Six days after walking just two in a 5„-inning start in Atlanta, Chatwood (3-4) walked six, including three during a four-run second inning he failed to complete. His enormous walk rate finally bit him when he gave up a three-run homer to Jose Ramirez.

“It was tough,” manager Joe Maddon said. “His stuff is so good. We just couldn’t get a strike. . . . We’ve got to harness this somehow. We’ve got to figure it out.”

It was his sixth start with at least five walks. He leads the majors with 40 walks, only one fewer than his strikeout total.

“I was fighting myself,” said Chatwood, who threw only 30 of 74 pitches for strikes.

So, Machado or a pitcher at the deadline?

The Cubs had 10 hits in this game and put runners in scoring position in every inning but the ninth, when pinch hitter Ian Happ led off with a homer.

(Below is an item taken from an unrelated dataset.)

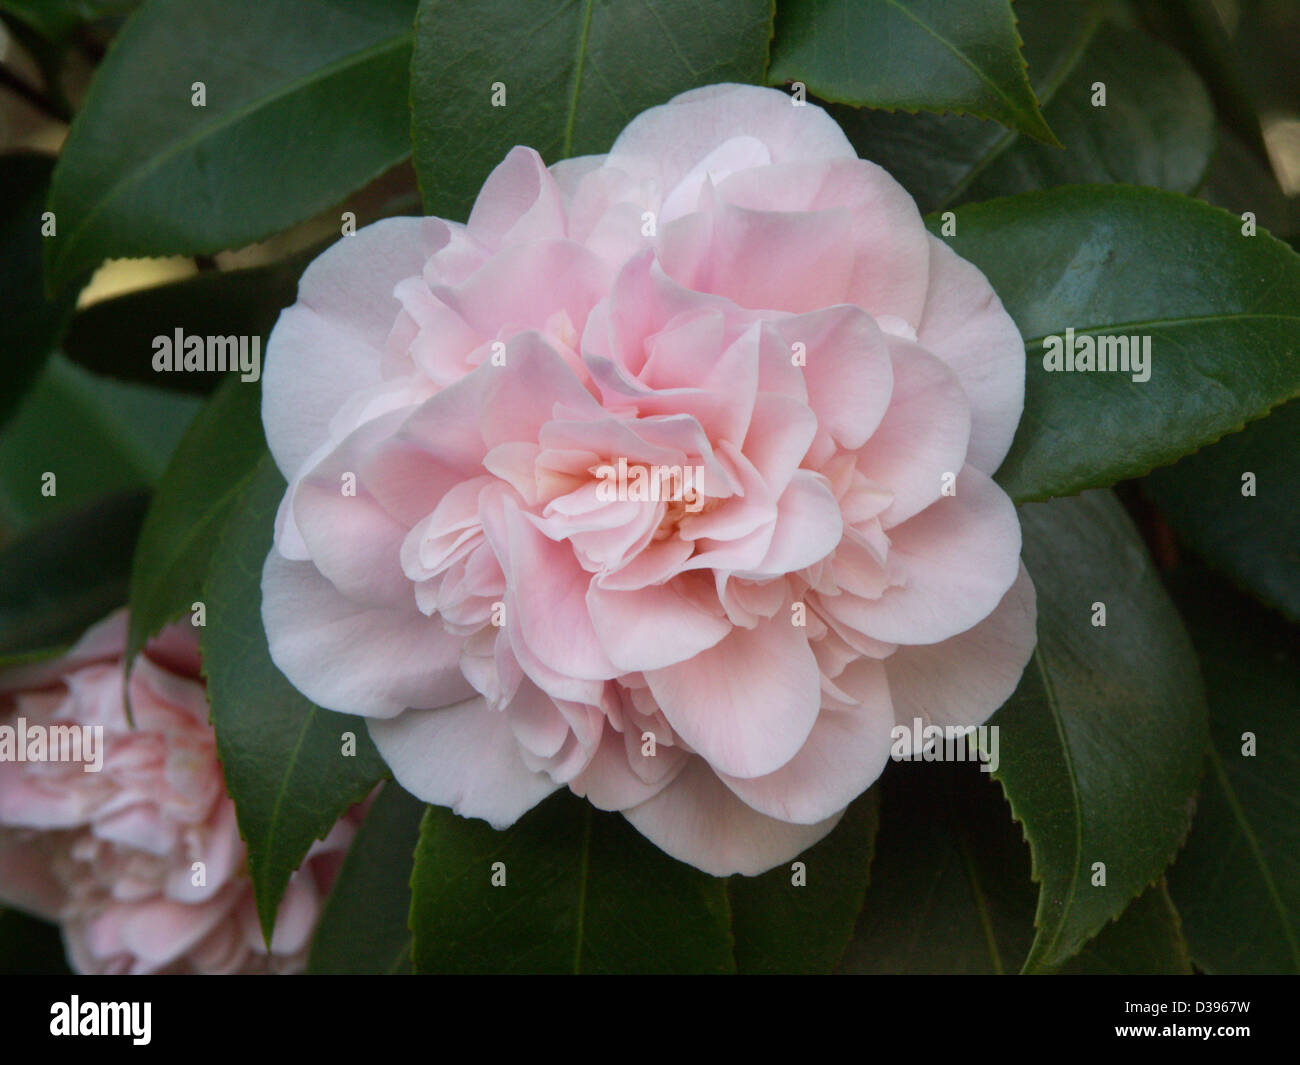 Beautiful double pale pink flower of Camellia japonica 'Tomorrow's Dawn' against background of dark green foliage Stock Photo

But continuing another pattern, they went 0-for-10 with men in scoring position, stranding 10 at second or third.

“We’ve got a long ways to go,” said first baseman Anthony Rizzo, who said he doesn’t think the three other front runners in the division are going away anytime soon. “With the attitudes and personalities [on the team], we’re built for the long haul.”

The Cubs have one more game in this series Wednesday before playing the Giants for three games over the weekend, then going on the road against two surprise early contenders in Pittsburgh and New York.

Could that give more of an indication of what kind of team the Cubs have for the pennant race this year? Or at least help define some needs for the trade deadline?

Either way, Bryant sounds confident.

“We look at our track record here, with three consecutive NLCS appearances,” Bryant said. “And, sure, that gets old, and maybe it can be seen as like an excuse.

“But I think when you look at the talent in here and what we’ve been able to do, it would be kind of foolish to doubt us.”